On Monday, March 28, I attended the first session in a ten week photography class at Photo Center NW in Capitol Hill, Seattle. Each week we will be given an assignment and need to produce a contact sheet with our top 20 photos. Of those 20, we must pick our three favorites and make 8×10 prints to be discussed and critiqued in the next class session. My intent is to pick at least one of those top three and post it here.
The assignment this week was rather open – just go take lots of shots using only manual settings. I actually have preferred to use manual settings since I started shooting with a SLR, so that was nothing new for me. But what was new was also turning off the auto-focus. I’d played around with it a little with old lenses, but not when using my main lens. It took some getting used to, but once I did, I found myself liking it a lot. It forces me to slow down and really pay a lot more attention to what is in the frame, how it is composed, and just what is it I’m trying to capture. I may continue focusing manually when it’s appropriate. Though I learned that it will definitely take some skill and practice (or a fast switch to auto) to successfully capture that flock of birds that blurred past me unexpectedly.
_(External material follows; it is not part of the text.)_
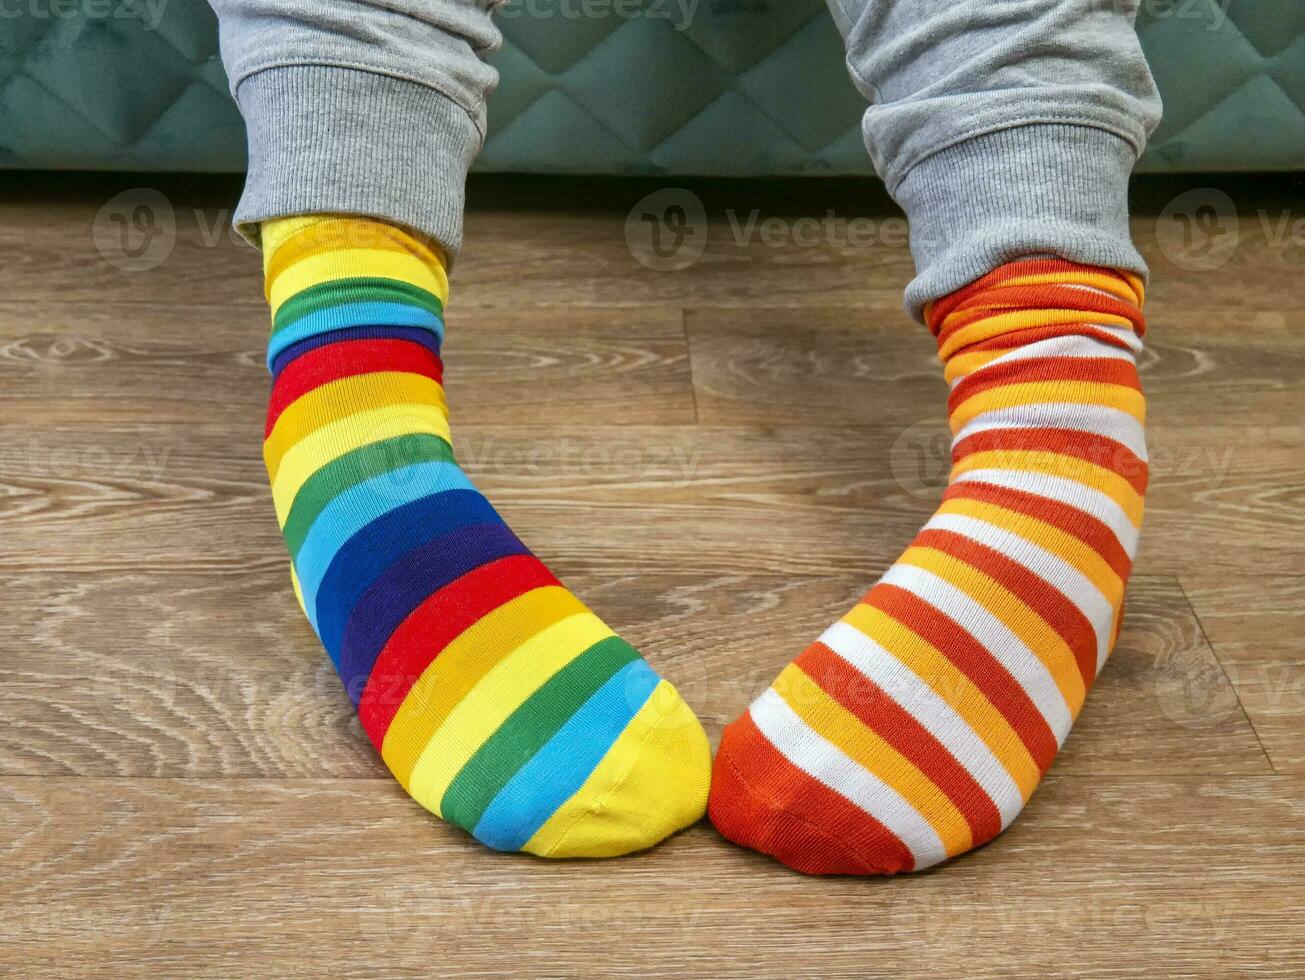 seltsam Socken Tag. einsam Socke Tag. das Sozial Problem von Mobbing. seltsam Socken wie ein Symbol von Nieder Syndrom foto

This week’s choice was taken on a damp and dreary Seattle spring day. I had been hoping for some dry weather to take some shots downtown at the public library (love those geometric patterns and lines). But the weather was not going to cooperate so that will have to wait for another day. About an hour before sunset I decided to just throw on my rain coat and head to Beach Drive in West Seattle.
I started out with lots of boring shots of gray water, a gray rocky beach with a nice gray sky and not much else. Until I stopped looking at the scene as a whole and tried looking more closely.
Even before I got this home and on my computer I knew that it was going to end up being black and white. On such a dreary day, it was practically monochrome already.